# Work item
From the line that contains "Eton schoolboy jumping his motorcycle." to the end of the entries, write out every line exactly, including both ends, and nothing more.

[[ Task material open ]]

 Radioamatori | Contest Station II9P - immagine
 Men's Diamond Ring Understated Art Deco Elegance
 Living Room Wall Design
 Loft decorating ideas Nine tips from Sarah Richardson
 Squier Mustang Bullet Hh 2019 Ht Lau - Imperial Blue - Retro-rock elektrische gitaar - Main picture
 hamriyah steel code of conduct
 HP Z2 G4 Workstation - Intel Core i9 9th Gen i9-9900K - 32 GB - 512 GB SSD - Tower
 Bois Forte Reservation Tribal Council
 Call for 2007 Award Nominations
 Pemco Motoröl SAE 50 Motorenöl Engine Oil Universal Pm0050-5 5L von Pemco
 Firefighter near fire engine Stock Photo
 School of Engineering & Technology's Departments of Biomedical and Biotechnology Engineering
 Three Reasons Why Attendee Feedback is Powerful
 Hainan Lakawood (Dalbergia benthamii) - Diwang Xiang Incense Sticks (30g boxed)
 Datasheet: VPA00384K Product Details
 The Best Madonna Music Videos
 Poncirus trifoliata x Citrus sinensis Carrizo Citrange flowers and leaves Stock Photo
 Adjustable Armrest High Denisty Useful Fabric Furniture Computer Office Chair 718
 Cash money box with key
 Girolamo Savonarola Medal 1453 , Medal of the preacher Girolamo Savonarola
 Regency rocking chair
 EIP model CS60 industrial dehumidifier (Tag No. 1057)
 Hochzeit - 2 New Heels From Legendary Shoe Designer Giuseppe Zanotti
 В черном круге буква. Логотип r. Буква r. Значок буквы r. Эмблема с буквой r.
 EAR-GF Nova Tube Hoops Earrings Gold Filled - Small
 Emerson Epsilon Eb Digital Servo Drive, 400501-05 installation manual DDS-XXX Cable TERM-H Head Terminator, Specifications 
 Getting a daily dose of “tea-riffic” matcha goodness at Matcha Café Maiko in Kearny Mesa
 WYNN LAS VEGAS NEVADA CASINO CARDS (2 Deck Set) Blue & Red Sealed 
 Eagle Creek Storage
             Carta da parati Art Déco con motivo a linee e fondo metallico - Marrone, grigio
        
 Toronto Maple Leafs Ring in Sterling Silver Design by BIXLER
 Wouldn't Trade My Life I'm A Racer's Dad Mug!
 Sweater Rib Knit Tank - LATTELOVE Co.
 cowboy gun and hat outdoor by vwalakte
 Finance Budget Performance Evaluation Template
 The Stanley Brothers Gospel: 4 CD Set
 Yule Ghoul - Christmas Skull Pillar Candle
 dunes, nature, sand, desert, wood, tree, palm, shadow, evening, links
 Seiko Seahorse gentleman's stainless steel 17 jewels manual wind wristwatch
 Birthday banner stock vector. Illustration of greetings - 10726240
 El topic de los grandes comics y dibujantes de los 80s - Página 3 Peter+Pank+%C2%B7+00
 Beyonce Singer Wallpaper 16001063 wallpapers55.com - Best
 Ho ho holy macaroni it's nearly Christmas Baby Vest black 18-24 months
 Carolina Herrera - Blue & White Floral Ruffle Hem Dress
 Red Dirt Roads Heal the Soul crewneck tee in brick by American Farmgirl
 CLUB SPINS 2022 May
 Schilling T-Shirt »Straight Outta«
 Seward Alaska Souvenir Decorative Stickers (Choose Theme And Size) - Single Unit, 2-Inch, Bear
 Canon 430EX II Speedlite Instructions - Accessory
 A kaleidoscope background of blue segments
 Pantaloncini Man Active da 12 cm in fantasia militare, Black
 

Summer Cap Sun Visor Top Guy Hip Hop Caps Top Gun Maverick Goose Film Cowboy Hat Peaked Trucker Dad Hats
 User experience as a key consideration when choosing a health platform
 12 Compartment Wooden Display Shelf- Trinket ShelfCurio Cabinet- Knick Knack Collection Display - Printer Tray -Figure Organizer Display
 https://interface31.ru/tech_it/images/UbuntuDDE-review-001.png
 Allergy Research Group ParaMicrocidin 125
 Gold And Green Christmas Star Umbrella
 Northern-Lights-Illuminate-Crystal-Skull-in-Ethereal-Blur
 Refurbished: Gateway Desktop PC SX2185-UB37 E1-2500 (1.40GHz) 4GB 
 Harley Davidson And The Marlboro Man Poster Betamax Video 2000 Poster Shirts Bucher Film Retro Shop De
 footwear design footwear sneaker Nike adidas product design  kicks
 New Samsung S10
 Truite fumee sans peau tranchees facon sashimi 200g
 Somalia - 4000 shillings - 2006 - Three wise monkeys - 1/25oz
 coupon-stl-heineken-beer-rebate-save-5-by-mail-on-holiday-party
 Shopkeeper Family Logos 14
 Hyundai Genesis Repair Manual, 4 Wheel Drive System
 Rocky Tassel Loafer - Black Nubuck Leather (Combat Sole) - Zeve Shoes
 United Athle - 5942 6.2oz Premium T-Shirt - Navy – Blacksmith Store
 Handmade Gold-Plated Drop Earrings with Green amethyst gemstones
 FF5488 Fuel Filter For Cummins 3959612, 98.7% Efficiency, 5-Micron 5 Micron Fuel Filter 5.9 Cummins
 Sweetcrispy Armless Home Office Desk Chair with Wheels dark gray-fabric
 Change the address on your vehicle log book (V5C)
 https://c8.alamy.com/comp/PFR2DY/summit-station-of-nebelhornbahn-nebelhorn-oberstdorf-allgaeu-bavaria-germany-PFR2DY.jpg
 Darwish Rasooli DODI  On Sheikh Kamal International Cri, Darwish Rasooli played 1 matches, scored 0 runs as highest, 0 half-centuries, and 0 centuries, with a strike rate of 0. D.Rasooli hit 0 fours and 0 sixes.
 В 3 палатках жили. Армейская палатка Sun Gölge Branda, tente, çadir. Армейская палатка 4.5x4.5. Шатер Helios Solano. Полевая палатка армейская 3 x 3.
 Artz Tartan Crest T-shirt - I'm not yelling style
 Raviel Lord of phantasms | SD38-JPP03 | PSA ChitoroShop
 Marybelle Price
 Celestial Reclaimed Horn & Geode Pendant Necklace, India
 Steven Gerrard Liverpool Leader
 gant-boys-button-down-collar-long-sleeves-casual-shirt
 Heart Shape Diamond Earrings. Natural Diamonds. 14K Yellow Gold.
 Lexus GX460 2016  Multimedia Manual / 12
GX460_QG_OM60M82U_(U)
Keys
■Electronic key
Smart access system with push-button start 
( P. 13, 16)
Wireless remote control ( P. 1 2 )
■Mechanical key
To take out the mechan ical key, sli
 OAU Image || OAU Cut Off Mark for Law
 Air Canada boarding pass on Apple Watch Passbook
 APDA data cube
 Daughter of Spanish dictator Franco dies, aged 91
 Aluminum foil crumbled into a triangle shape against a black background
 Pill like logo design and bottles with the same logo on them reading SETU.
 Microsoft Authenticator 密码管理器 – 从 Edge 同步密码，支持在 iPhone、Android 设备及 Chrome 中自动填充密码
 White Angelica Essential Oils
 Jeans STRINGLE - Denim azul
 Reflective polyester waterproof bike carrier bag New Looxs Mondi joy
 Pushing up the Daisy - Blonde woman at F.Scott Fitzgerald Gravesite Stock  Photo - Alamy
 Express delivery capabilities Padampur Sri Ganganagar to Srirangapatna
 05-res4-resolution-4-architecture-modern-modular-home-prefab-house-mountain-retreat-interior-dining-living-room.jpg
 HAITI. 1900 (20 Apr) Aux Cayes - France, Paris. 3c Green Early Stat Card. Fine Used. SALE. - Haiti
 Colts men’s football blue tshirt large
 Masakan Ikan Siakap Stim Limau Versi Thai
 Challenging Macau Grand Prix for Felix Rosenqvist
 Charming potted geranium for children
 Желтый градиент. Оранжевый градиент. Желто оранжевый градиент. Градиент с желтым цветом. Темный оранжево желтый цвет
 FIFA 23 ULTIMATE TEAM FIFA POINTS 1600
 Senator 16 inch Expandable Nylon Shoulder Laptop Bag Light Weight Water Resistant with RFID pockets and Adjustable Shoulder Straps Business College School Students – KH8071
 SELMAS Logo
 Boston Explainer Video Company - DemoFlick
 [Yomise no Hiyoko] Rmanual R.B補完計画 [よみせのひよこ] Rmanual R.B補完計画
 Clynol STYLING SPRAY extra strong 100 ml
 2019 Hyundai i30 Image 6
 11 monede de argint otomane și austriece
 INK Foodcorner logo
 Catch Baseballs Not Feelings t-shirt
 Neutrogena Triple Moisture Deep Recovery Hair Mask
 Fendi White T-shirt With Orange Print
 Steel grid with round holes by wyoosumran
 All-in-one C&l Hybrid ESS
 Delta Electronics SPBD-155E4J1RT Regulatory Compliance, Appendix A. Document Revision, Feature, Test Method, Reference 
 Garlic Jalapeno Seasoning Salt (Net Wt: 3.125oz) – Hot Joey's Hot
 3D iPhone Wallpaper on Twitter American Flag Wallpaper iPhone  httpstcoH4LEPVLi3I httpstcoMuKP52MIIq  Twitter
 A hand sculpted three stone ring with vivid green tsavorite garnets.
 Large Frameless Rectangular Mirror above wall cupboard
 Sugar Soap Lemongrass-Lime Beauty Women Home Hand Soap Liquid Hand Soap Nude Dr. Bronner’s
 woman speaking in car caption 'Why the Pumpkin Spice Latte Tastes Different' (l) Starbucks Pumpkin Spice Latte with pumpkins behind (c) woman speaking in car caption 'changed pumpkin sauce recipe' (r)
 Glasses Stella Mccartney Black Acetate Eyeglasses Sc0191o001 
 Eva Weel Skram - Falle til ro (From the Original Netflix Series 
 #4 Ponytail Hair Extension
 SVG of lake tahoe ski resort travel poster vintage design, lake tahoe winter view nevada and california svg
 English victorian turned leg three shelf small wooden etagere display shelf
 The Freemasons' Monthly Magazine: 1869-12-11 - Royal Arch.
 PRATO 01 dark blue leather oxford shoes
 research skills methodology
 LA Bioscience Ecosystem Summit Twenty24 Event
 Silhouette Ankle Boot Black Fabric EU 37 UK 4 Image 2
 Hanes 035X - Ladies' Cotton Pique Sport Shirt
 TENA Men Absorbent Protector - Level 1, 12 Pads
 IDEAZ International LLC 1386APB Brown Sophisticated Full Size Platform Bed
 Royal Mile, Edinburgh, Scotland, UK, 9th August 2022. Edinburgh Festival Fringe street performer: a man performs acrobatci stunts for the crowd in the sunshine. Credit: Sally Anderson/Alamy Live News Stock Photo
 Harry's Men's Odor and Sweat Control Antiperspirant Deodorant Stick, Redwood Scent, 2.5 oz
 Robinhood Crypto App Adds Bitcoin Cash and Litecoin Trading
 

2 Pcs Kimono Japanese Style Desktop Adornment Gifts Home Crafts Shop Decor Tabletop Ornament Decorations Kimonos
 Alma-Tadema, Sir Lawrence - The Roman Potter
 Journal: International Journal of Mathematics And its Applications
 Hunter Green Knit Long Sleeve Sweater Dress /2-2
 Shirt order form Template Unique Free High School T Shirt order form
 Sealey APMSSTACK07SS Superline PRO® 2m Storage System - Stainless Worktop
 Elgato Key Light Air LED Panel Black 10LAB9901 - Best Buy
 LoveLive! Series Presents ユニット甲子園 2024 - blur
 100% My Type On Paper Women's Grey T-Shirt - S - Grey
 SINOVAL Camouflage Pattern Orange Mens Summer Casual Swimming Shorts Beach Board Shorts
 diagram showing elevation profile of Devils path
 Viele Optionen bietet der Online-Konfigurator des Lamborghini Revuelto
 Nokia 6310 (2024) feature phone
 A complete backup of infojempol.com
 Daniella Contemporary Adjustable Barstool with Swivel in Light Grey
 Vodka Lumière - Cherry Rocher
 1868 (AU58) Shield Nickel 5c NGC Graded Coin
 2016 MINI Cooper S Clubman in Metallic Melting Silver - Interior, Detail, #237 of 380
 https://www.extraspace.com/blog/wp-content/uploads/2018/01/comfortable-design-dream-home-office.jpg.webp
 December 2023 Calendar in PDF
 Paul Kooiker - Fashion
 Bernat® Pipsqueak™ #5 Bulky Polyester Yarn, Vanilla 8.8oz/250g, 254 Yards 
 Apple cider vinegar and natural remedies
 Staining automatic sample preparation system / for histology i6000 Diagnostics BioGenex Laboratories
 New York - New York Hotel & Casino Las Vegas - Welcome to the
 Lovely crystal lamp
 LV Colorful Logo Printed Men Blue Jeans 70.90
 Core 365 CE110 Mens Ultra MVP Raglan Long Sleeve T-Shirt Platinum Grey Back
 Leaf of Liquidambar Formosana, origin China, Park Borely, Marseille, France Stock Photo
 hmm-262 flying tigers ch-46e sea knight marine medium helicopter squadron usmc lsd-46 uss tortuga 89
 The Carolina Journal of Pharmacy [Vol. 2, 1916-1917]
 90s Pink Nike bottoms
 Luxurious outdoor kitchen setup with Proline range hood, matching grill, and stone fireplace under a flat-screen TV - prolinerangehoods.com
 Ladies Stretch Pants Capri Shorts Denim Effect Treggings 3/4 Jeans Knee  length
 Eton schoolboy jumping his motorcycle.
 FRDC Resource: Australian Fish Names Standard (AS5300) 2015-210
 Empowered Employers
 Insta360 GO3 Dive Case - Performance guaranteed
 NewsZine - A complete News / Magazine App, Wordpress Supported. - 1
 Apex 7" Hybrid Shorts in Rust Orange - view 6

[[ Task material closed ]]

# Problem solution
 Eton schoolboy jumping his motorcycle.
 FRDC Resource: Australian Fish Names Standard (AS5300) 2015-210
 Empowered Employers
 Insta360 GO3 Dive Case - Performance guaranteed
 NewsZine - A complete News / Magazine App, Wordpress Supported. - 1
 Apex 7" Hybrid Shorts in Rust Orange - view 6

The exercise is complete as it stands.